The rationale for animal external (AET) and cell (ACT) transplants are, however, more intricate than that of a shortage of human donors.

Risks of xenotransplantation

The recipient of any transplant has to face the problems of rejection as the body’s immune system attacks the transplant because it does not recognise it as part of the body. There are three types of rejection:

· Hyperacute rejection in which the organ is dead within 20 minutes of transplantation. This is usually not seen nowadays as a cross-match of the donor to the recipient is done prior to surgery.

· Acute rejection occurs within the first three months, when the body recognises the differences between the donated transplant and the recipient’s organ/tissue. This can usually be controlled with immunosuppressive medicines.

· Chronic rejection is similar to acute rejection and is worsened by increased blood pressure. All recipients of cadaveric organs usually succumb to chronic rejection. That is why the survival of those who have received a cadaveric transplant is still an average of 10 years post-transplantation, despite immunosuppressive medicines.

Safety is a major consideration with xenotransplantation. There is the risk that the human recipient may be infected by viruses or other diseases from animals and that this may spread to family, relatives, friends and the community.

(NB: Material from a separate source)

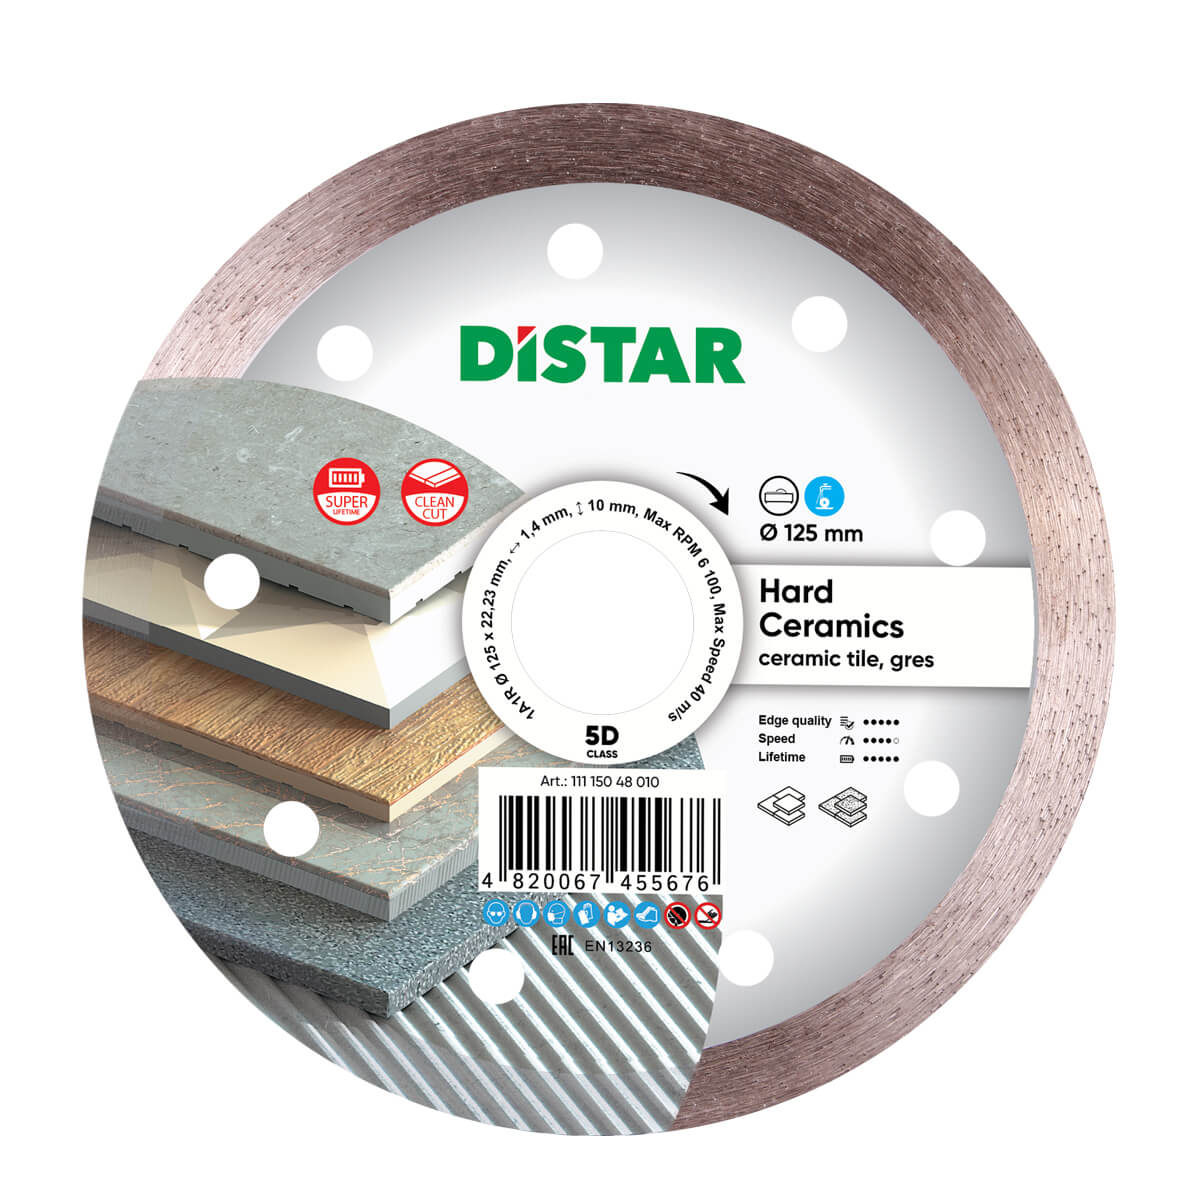 Диск алмазный отрезной по керамограниту и керамике для УШМ Distar 125 мм Hard ceramics 5D диск алмазный отрезной по керамике и керамограниту для ушм distar 1a1r 115мм decor slim 5d

When an infectious agent gains entry into a new host, its capacity to produce disease is not predictable, for example, HIV/AIDS, Ebola virus. Among the organisms of serious concern are herpes viruses, retroviruses, toxoplasmosis, filoviruses (Marburg and Ebola), monkey pox virus, and simian hemorrhagic virus.

The use of human cells, tissues, or organs that have had contact outside the body with live animal cells, tissues or organs, for example, human skin cells grown outside the body on a layer of animal cells and then used in humans for skin reconstruction, have the potential for transmission of an infectious disease from the animal source to the recipient.

The potential may be similar to that of live animal cells, tissues, or organs transplanted directly into a recipient.

Although experts disagree on the extent of the risk, all agree that the transfer of infection from animal to man cannot be completely ruled out especially when there is prolonged contact between animal and human tissues. The use of immunosuppressive medicines may also contribute to this risk.

The risk is highest in animal organ transplants (AOT), intermediate in animal cell therapies (ACT) and lowest in animal external therapies (AET).

The successful use of pig heart valves has contributed to the view that pigs are presumably safer donors than non-human primates. However, this presumption has not been fully explored. The discovery that porcine endogenous retroviruses (PERV) are capable of infecting human cells in the laboratory (in vitro) has raised concerns about the safe clinical application of xenotransplantation.

Much attention has been focused on the possibility that PERV, which are harmless in animals, may be transferred to humans and then get activated with the potential of spreading new diseases to humans.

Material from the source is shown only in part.